# How do you introduce wearing a rug



## sally678 (3 November 2008)

I know, sily question but do you just slap it on and away you go or put it on in the box, let them think about it for a little while (how long) then turn out.  It's for a 2 year old.


----------



## 0ldmare (3 November 2008)

I've always been surprised how easily they seem to accept rugs. The approach I have taken (not sure if its correct or not but its worked for me!) is to fold the rug up so you are just putting it on over the horses saddle area first and then unfurl it reasonably slowly. But dont make too much of a meal out of it as that tends to alert them that something is going on! I've always left the rug on over night in the stable and make sure I lead them around the stable a few times to get used to it before taking out to the field.  Mostly they seem to give it a few looks over their shoulder and then carry on munching their haynets!


----------



## Divasmum (3 November 2008)

I have always let the horse see it and sniff it first. Then put a blanket on its back for a few minutes. This builds up gradually to putting a rug on and doing it up but supervising the horse wearing it. This soon builds up to wearing a rug without problems.


----------



## Brontie (3 November 2008)

Not dealt with young ones before. But maybe hand it on there door, then they can investigate it, smell it etc. For about a week, maybe longer if yould like. Then ild think fold it in half, then put it on him/her slowly, after a while, make sure theres a rugged horse next to him/her might help settle them if they become uneasy, do it for short periods of time, and then just turn out in it.


----------



## HLB (3 November 2008)

it depends how handled they are but most of the I roll mine into a ball and rub them with it slowly (usually untied but on headcollar in stable) then slide over back, if they jump or are spooked i will get a numnah and put that on first instead then try again with the rug but just rubbing them and talking - once the rug is losley over they can walk about the box if a bit scared - if they are tied up they could pull and get frightened - i do mine very slowly whether young 0months or older like untouched 6yrs, i have never had a problem.
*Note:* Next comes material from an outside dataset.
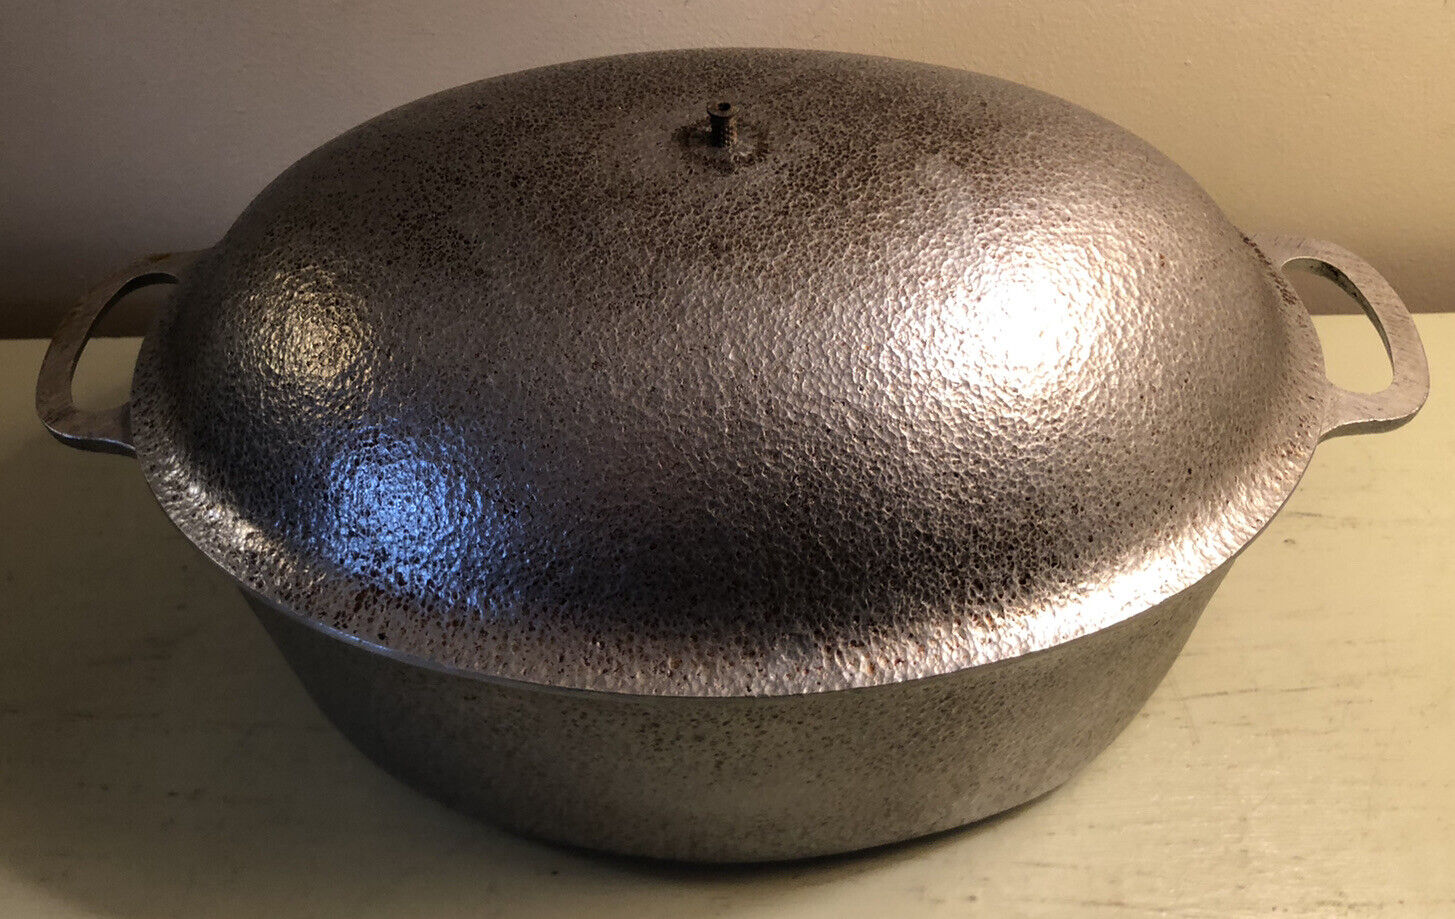 Vintage Hammered Club Aluminum Hammercraft 13” Oval Dutch Oven Roaster with Lid
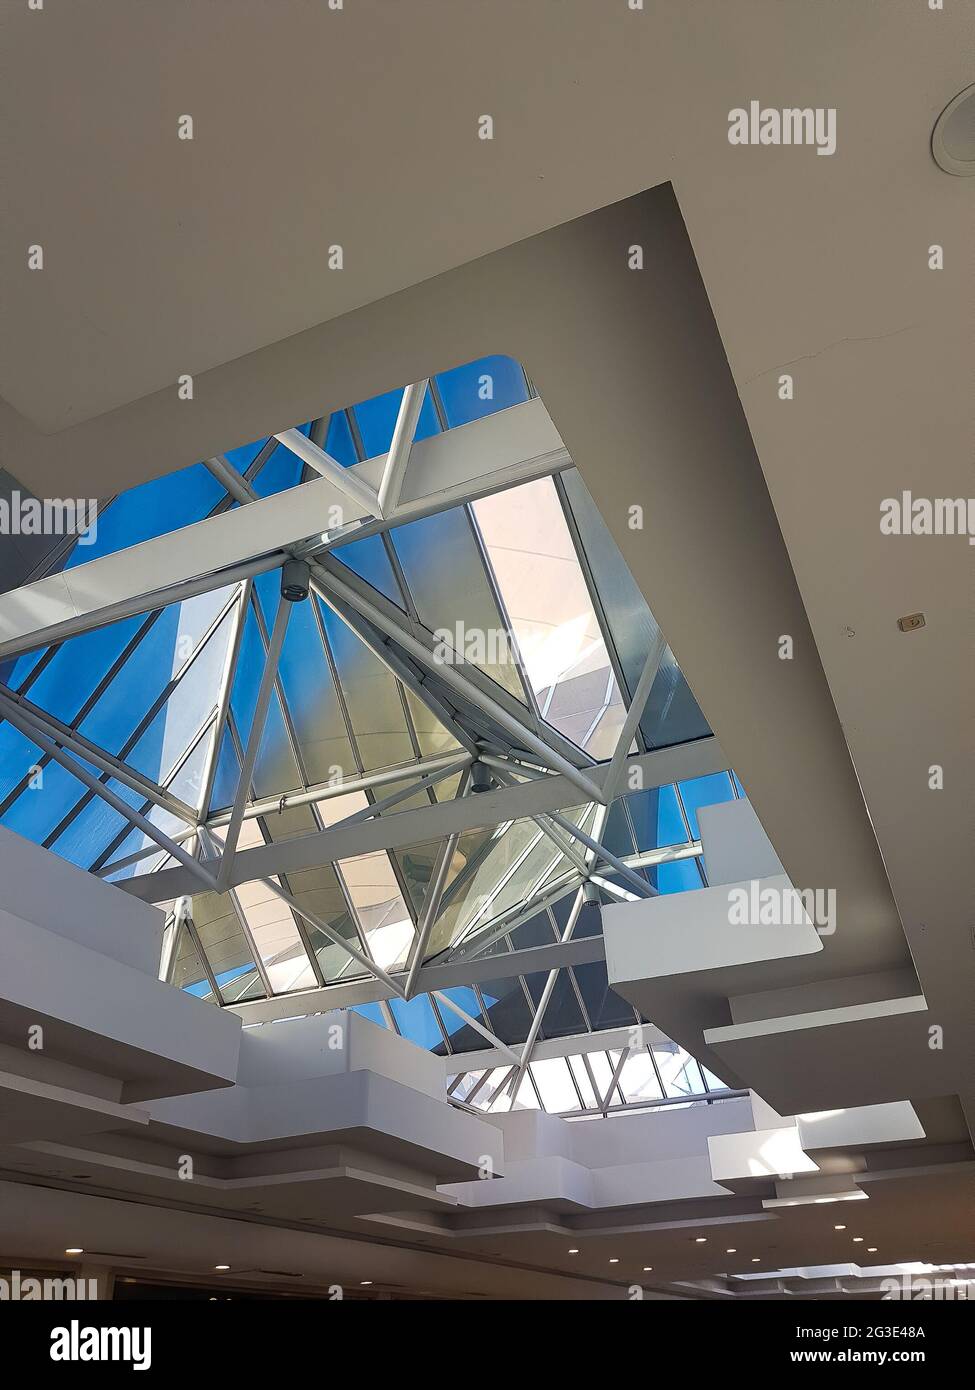 Madrid Spain; 05/11/2019: Interior ceiling of a modern building Stock Photo

If the rug can make a noise i usually cratch it with my nails and russle it before they go out just to make sure they are okay with the noise and the feel.  I hade a horse that as a yearling they just put the rug on and truned him out, he got so scared of the rug blowing around his hind legs that he jumped one fence then run through a gate - he has been very hard to overcome as he was hurt quite badly (the girl had a word from the owner about that!!)

Just do everything slowy


----------



## nikkiportia (3 November 2008)

When we rug the yearlings for the first time, we take them into either the enclosed lunge pit or the barn, with a bit and lunge line on. (they are already bitted and leading by then) 
Takes 2 people obviously. We let them sniff it, then fold it and gently slide it onto the back. Best done against a wall so they can't shoot away from you.
Gently do it up, then we let them have a little trot on the lunge so they get used to the feel of it, and the noise. We only do it for a minute, then lead them back to the stable. 
Taking it on and off requires 2 people in the stable for a couple of days, but after that one person can do usually do it as the horse is no longer bothered.


----------



## Cop-Pop (3 November 2008)

I've always just put them on - if you do it slowly and let them sniff if first they don't seem to mind at all


----------



## Theresa_F (3 November 2008)

No expert, but with Chancer, who was a very laid back and chilled youngster, I took a fleece, folded in half and laid it on his back.  As usual he had no reaction, so I then unfolded it, waited a couple of minutes and then did up the belly straps and then the chest straps.

He had a little sniff at it.  Left it on in the stable while he had dinner.

Next day, I just put on his t/o - very light rug as had no filling.  Put it on as I would for any horse and he totally accepted it.  By the end of the week he had it flung on as I do with my others - and I do mean flung on as I am very short.

I have done everything with him as I would for another horse - no faffing but just a little slower and he has been fine.  As said, I have a very sensible and steady chap so everything has been easy and straight forward.


----------



## sallyellis (3 November 2008)

I must admit with my 6 month old filly I brought her in from the field soaking wet and just put it on her, slowly but she didnt mind a bit, but...she does have an old head on young shoulders. Good luck.


----------